[Start of Attachment]

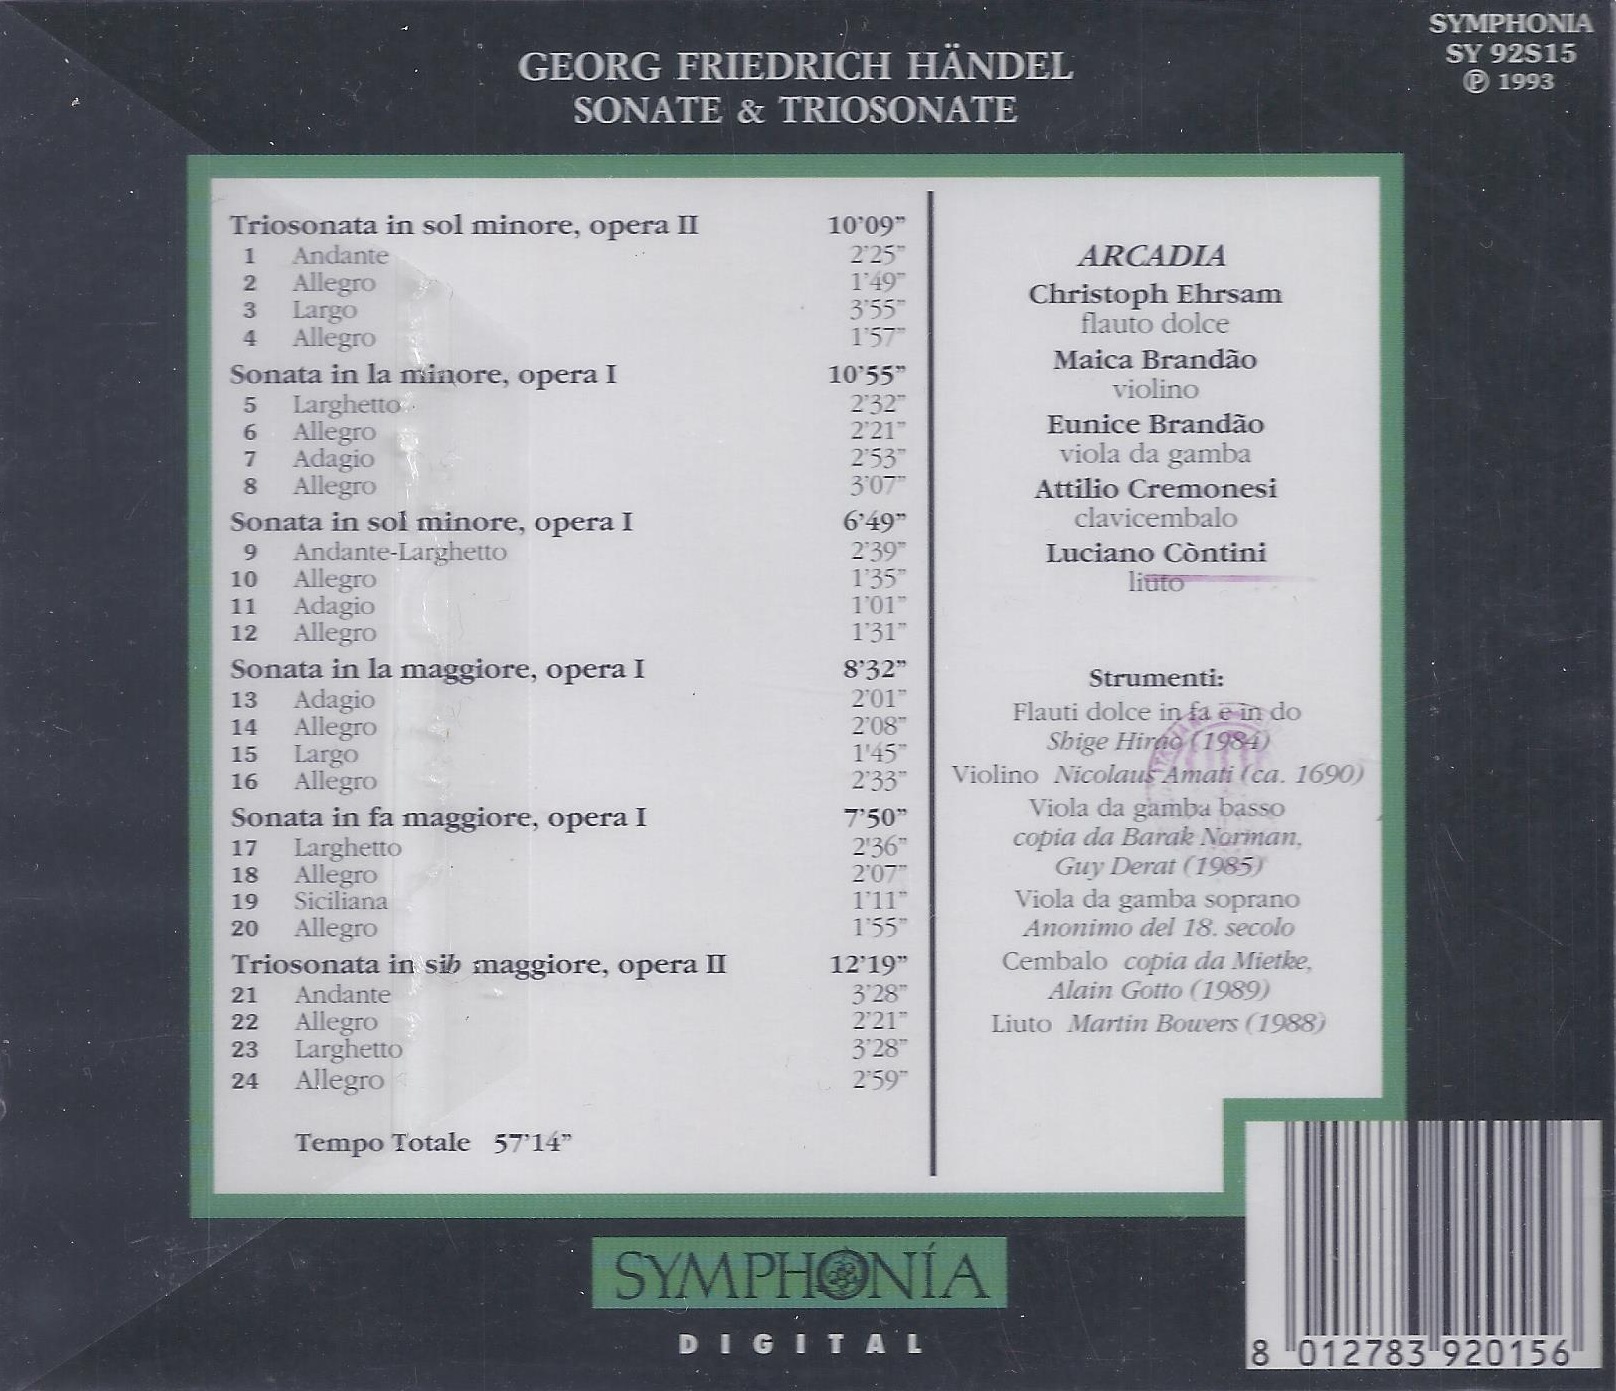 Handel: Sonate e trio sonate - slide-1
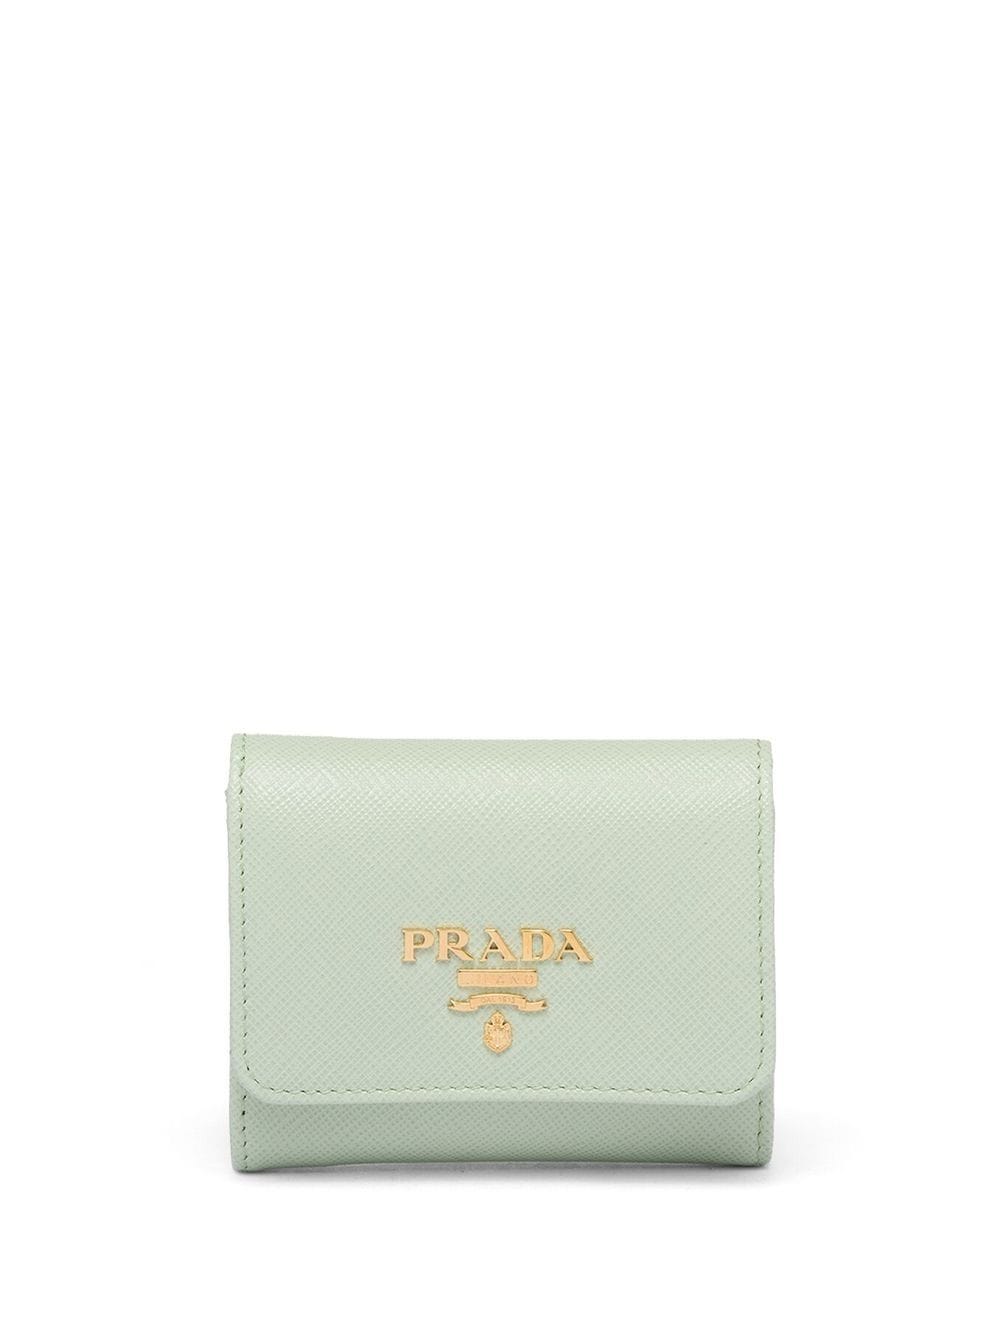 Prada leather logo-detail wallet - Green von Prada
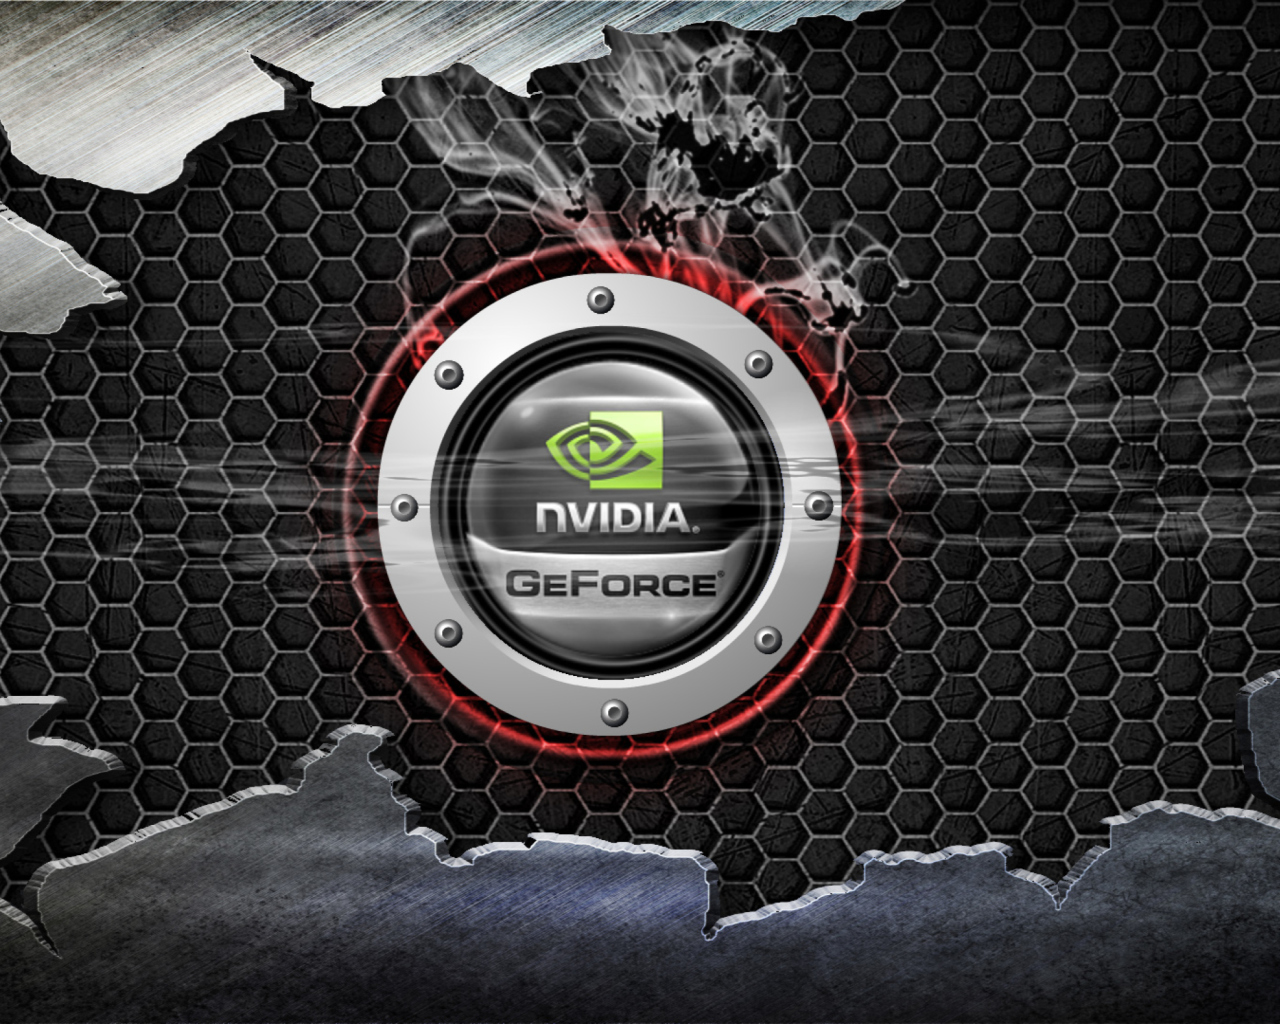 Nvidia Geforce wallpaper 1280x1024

[End of Attachment]

Would you return the whole listing exactly, without the pictures?

**WORKED SOLUTION**
 Handel: Sonate e trio sonate - slide-1
 Prada leather logo-detail wallet - Green von Prada
 Nvidia Geforce wallpaper 1280x1024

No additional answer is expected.